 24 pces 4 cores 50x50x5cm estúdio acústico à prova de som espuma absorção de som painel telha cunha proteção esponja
————————
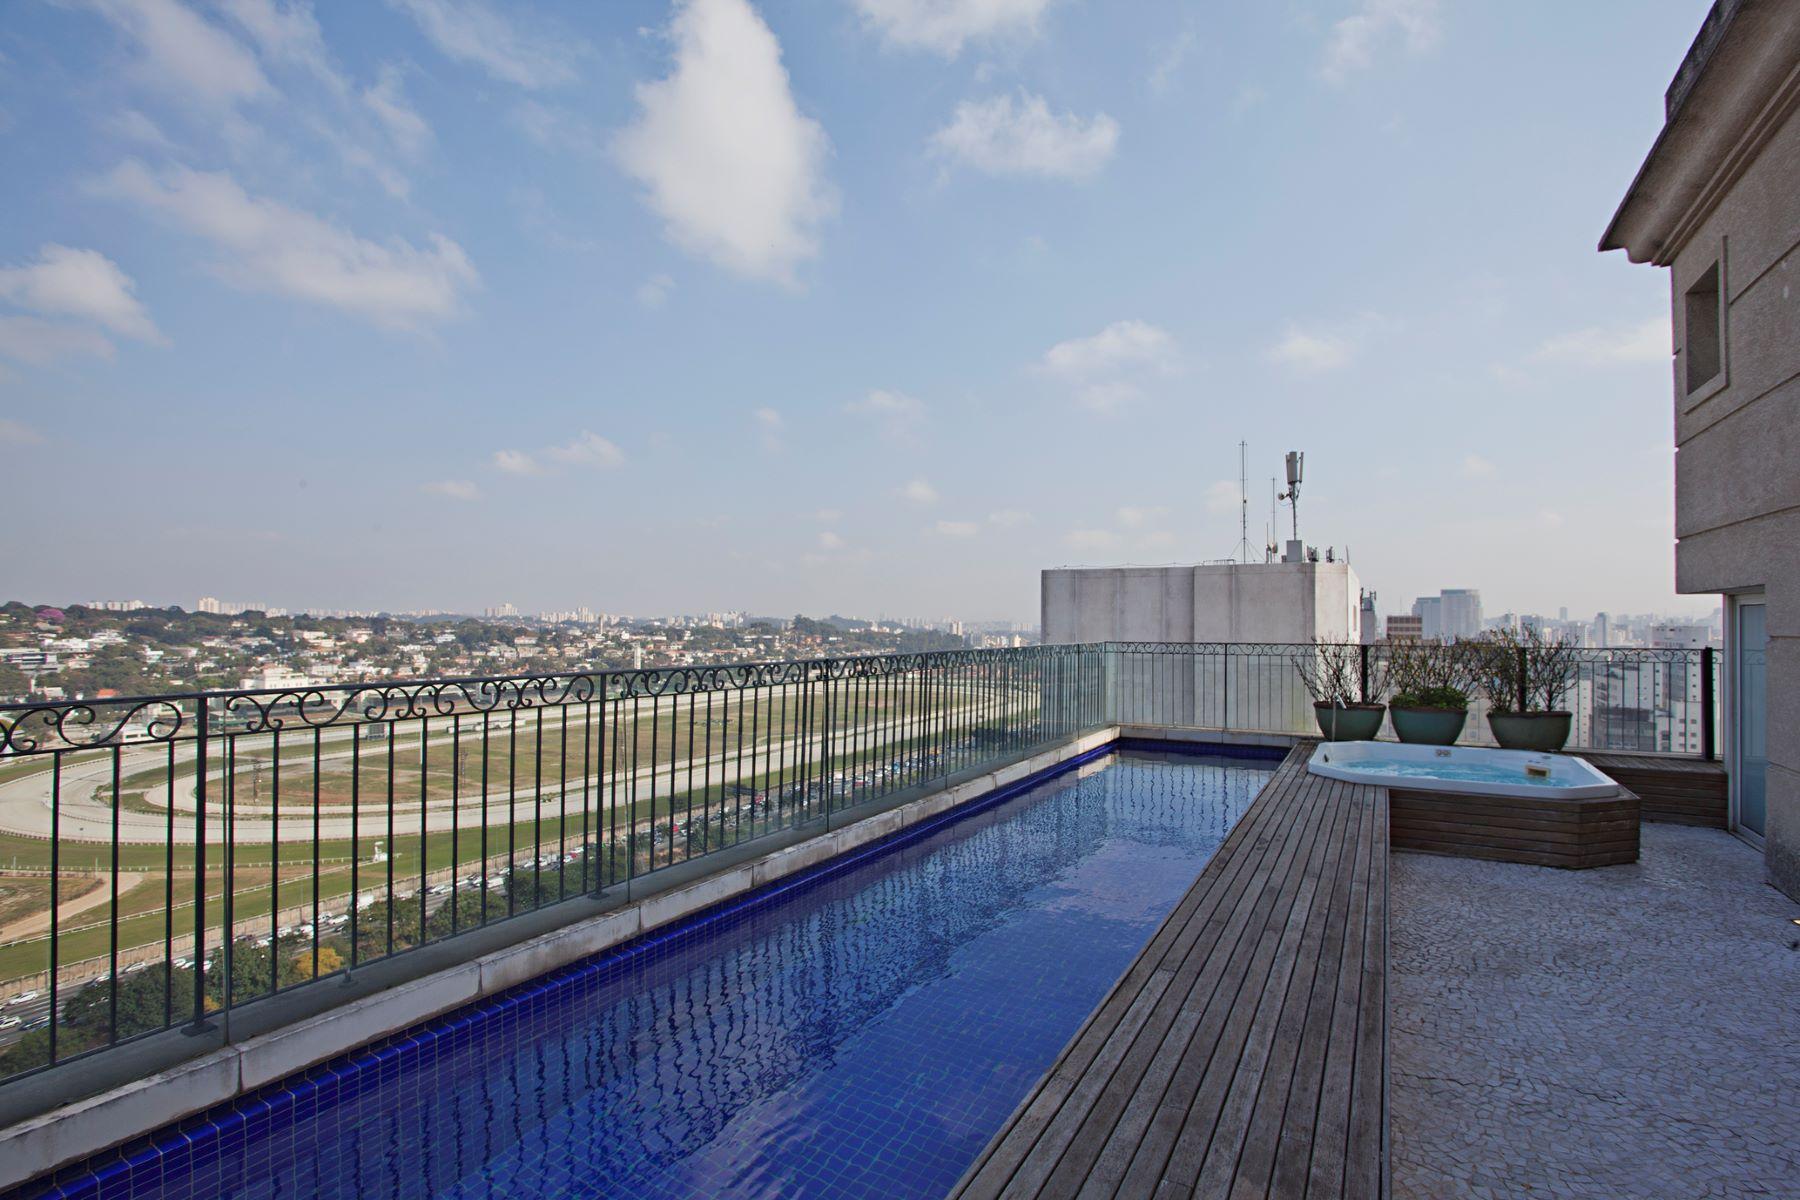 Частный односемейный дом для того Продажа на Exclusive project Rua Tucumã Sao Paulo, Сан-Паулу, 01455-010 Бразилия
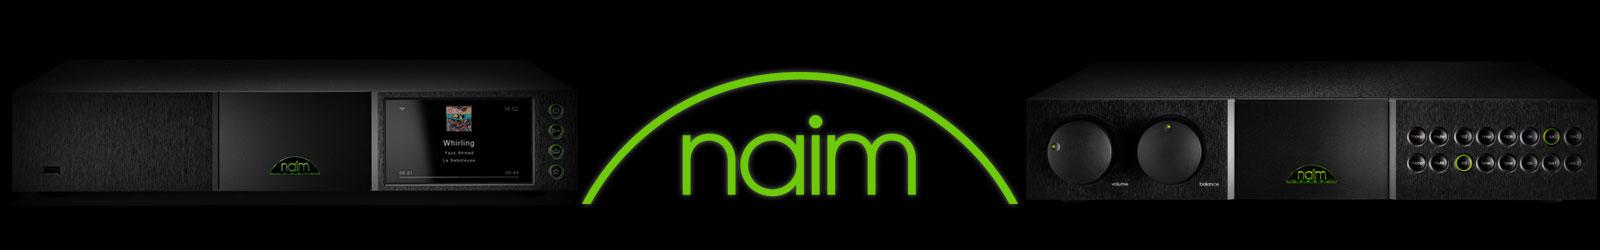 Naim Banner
————————
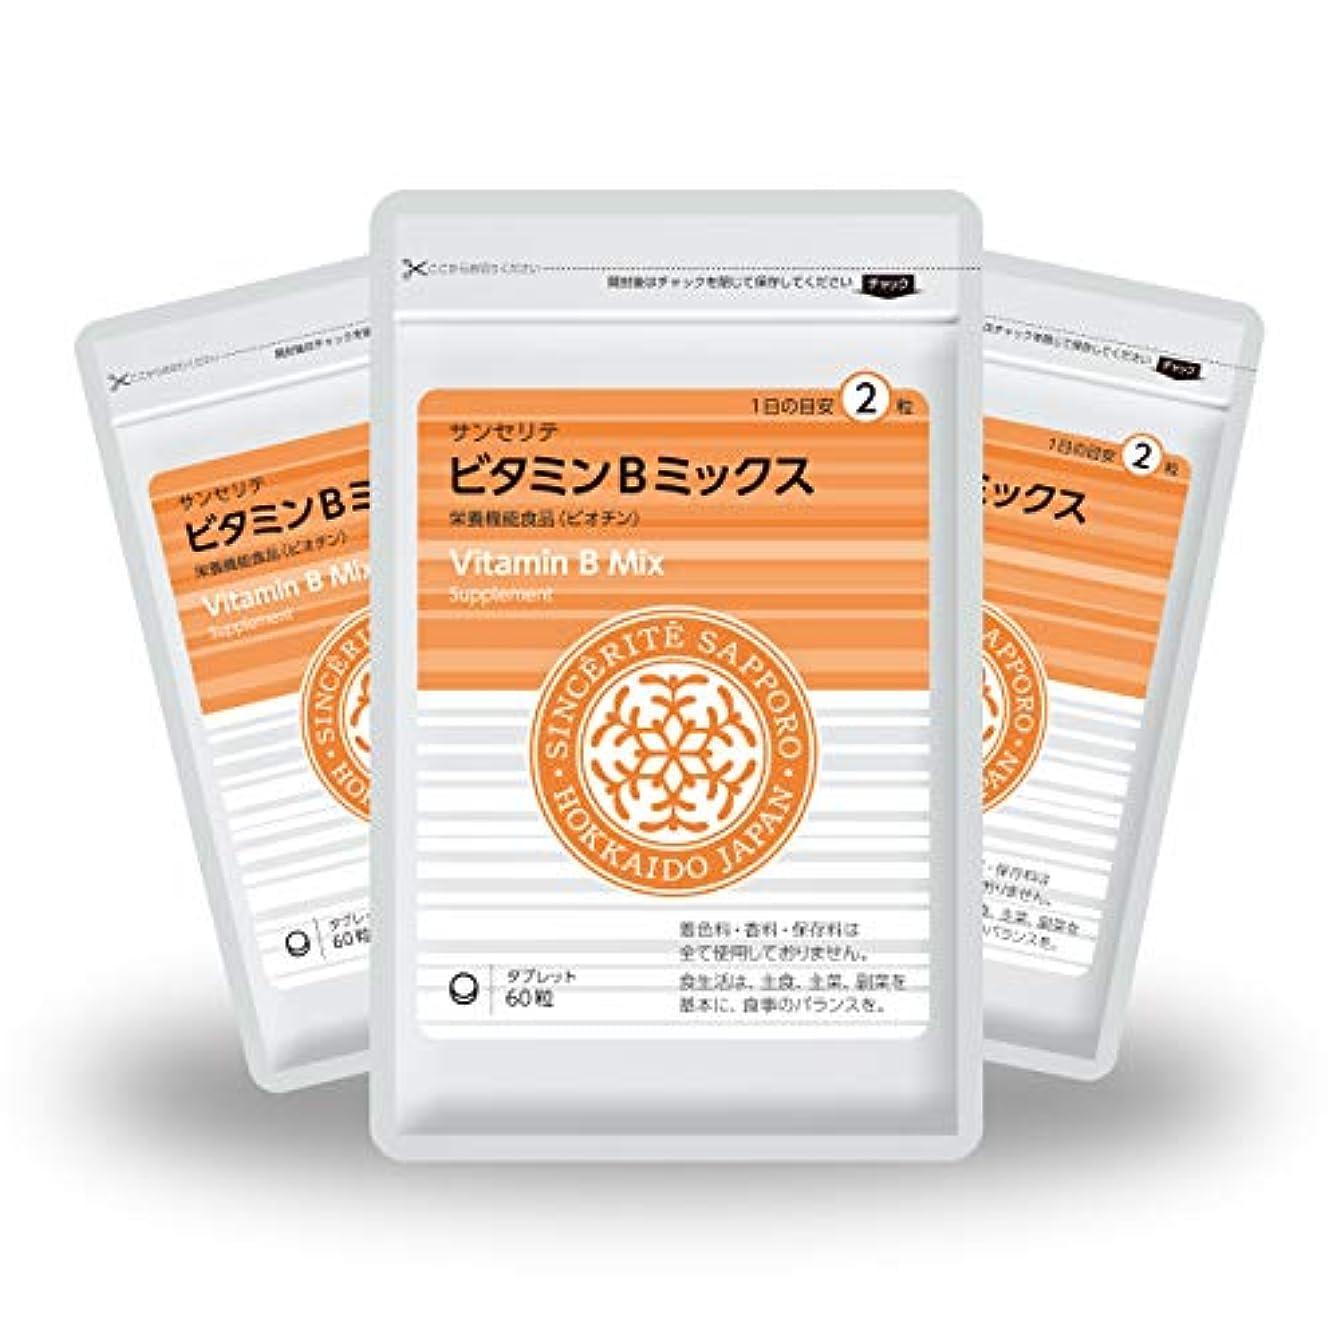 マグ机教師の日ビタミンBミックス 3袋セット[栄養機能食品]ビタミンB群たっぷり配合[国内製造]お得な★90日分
————————
## What to do
Taking the entries above, extract every line from the one bearing "Частный односемейный дом" through the one bearing "Naim Banner", exactly, with no pictures.

## Answer section
 Частный односемейный дом для того Продажа на Exclusive project Rua Tucumã Sao Paulo, Сан-Паулу, 01455-010 Бразилия
 Naim Banner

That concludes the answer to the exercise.